▶ [DATA FOR PROCESSING]:

● ● ● ● ●

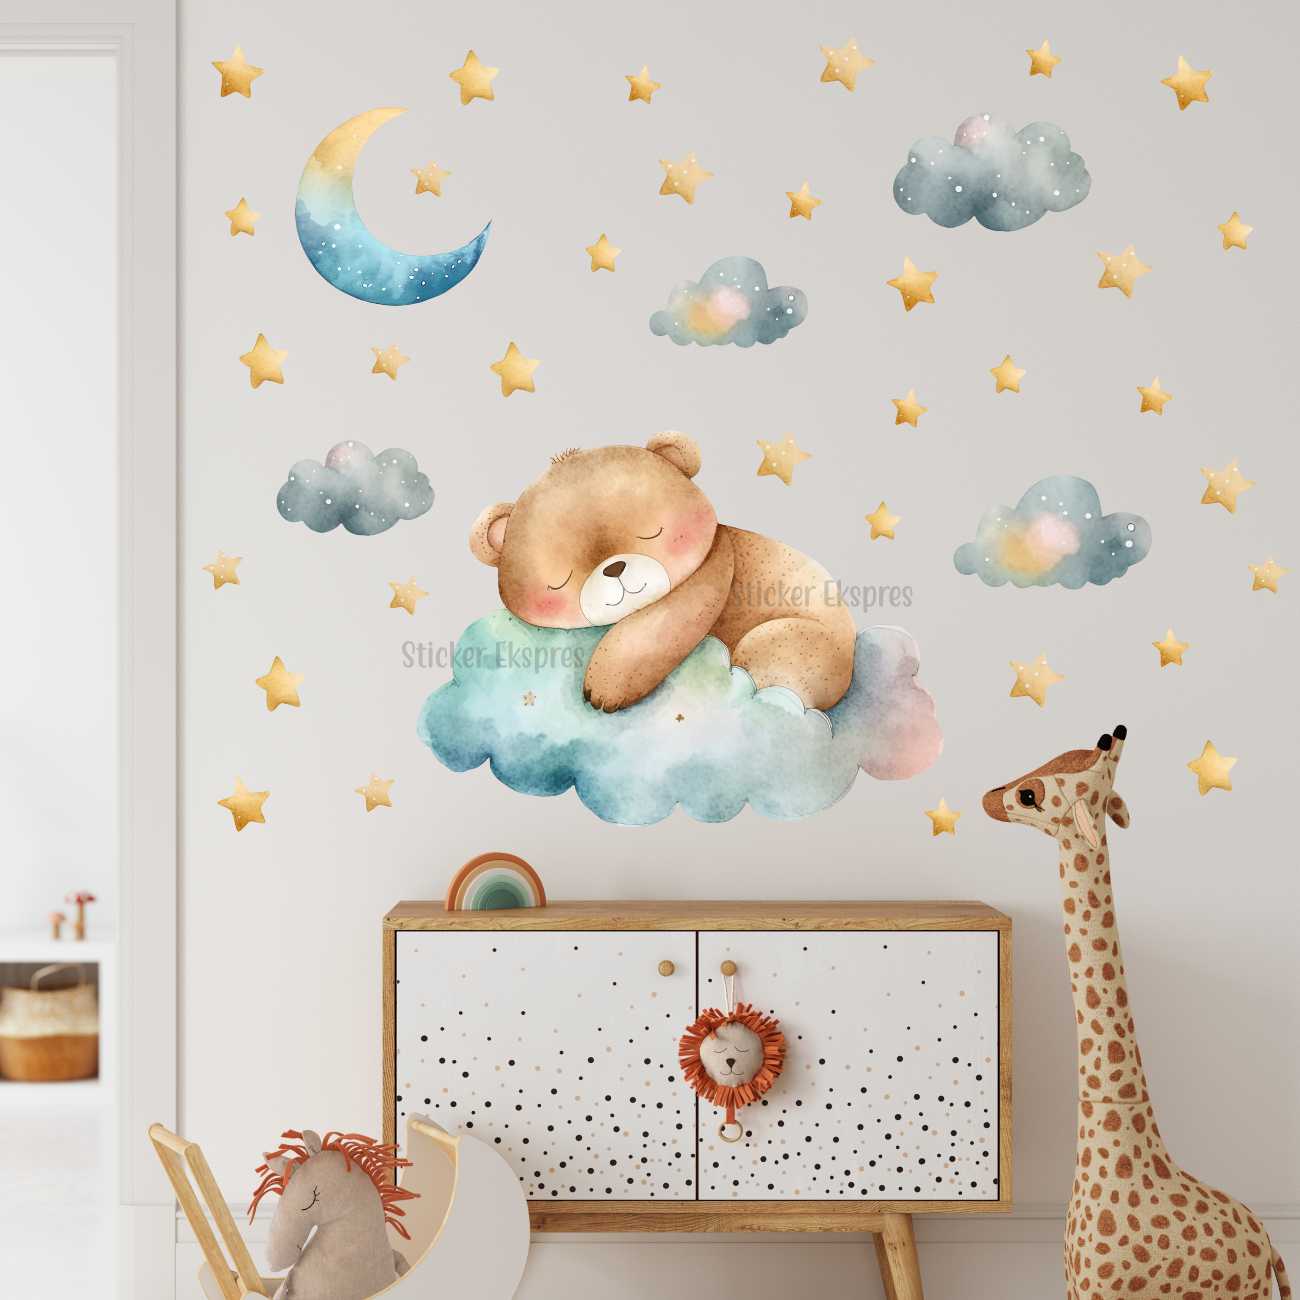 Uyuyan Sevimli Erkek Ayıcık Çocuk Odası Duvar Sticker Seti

● ● ● ● ●

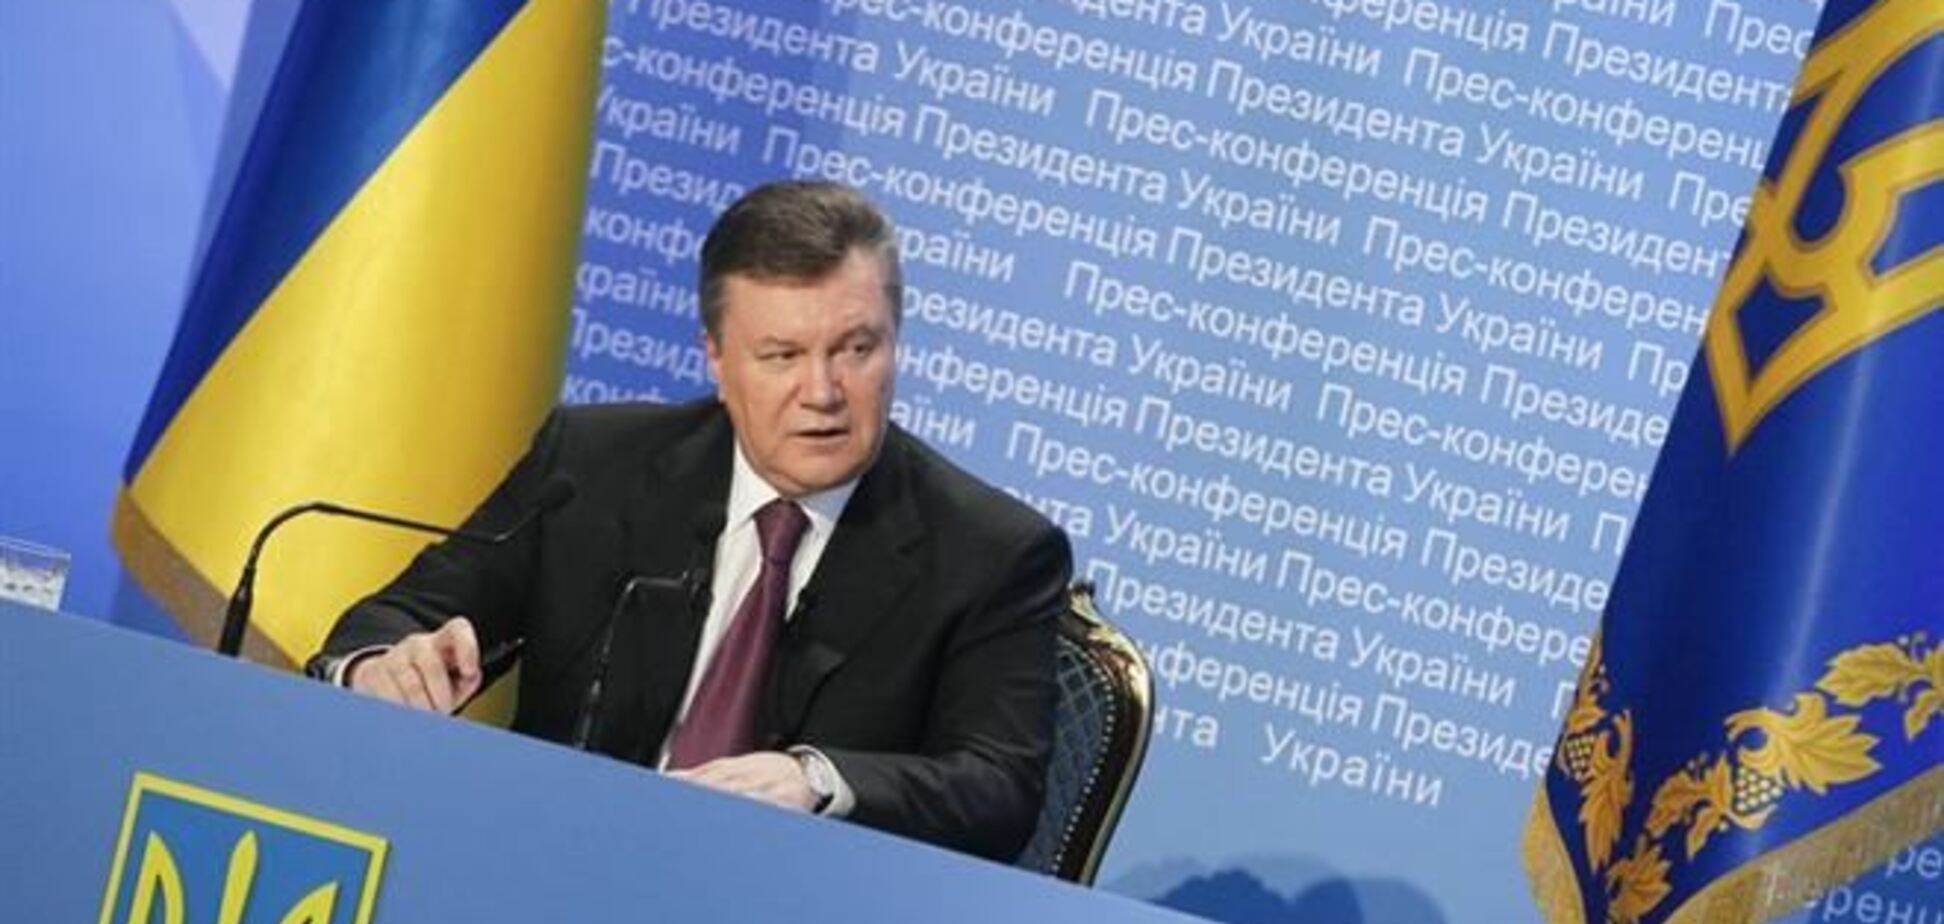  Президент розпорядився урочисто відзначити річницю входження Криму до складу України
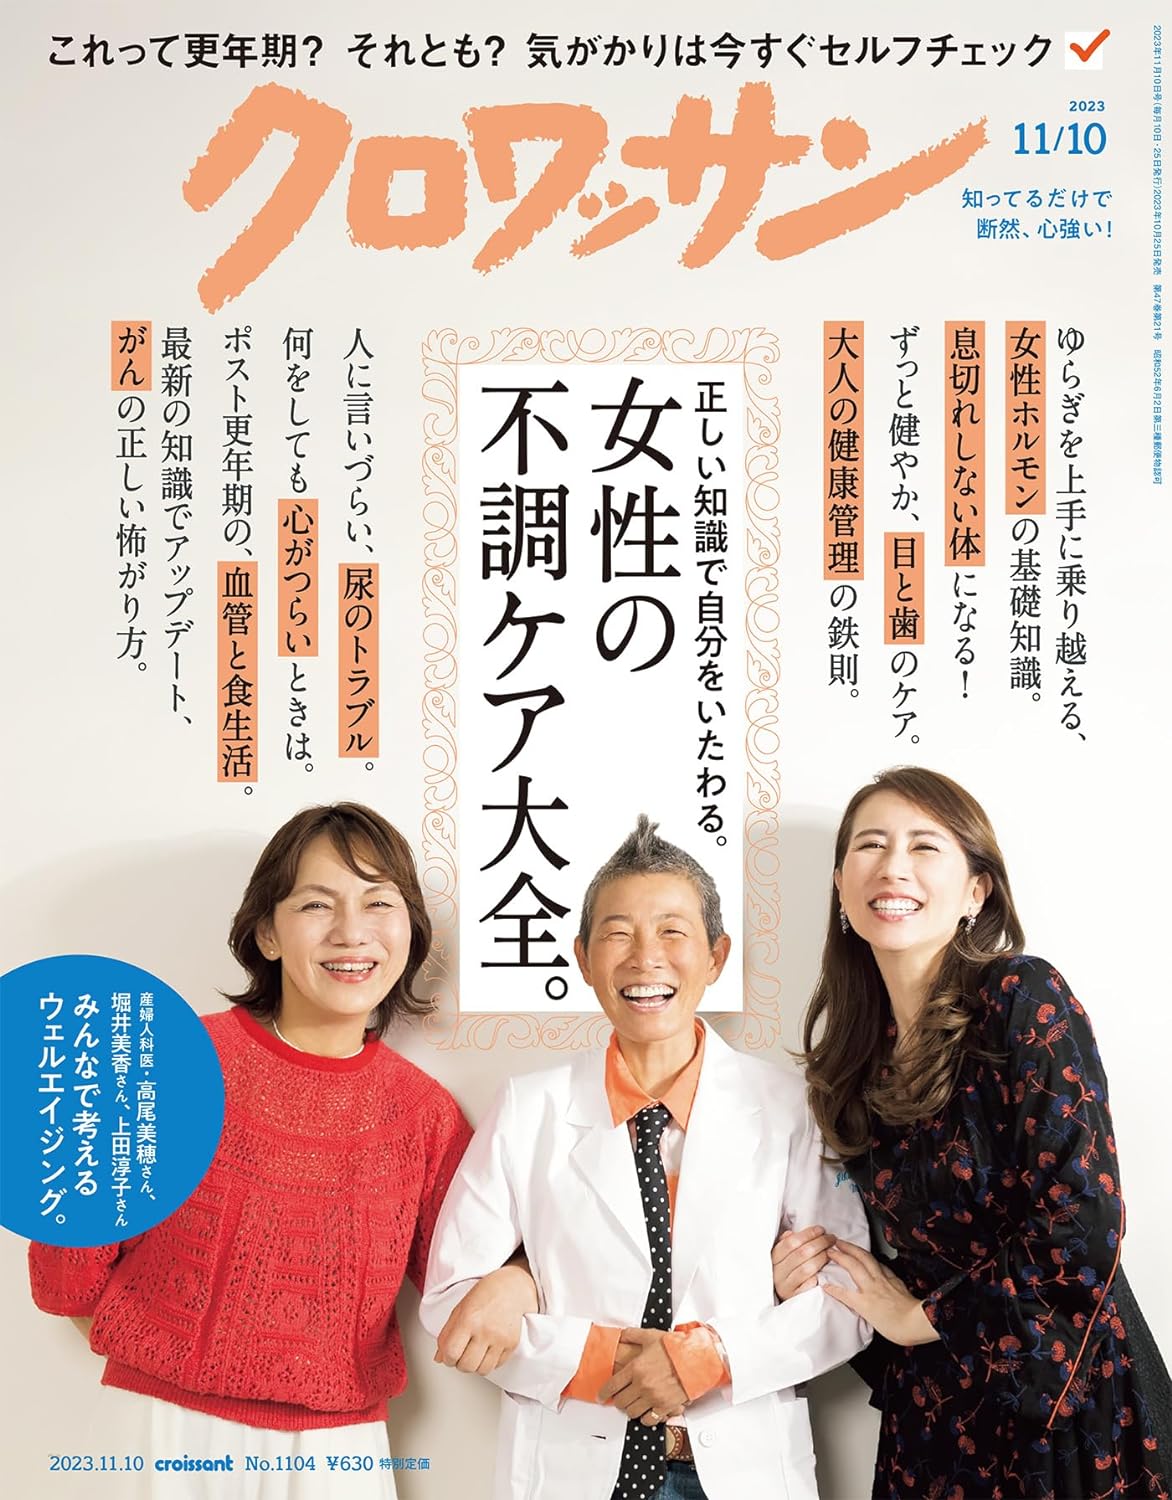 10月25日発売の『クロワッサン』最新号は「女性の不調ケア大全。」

● ● ● ● ●

▶ [WHAT THIS TASK INVOLVES]: The data above holds the lines to copy: start at the one with "Президент розпорядився урочисто", stop at the one with "10月25日発売の『クロワッサン』最新号は「女性の不調ケア大全。」", include both, copy them exactly without pictures, and copy nothing else.

▶ [WRITTEN SOLUTION]:
  Президент розпорядився урочисто відзначити річницю входження Криму до складу України
 10月25日発売の『クロワッサン』最新号は「女性の不調ケア大全。」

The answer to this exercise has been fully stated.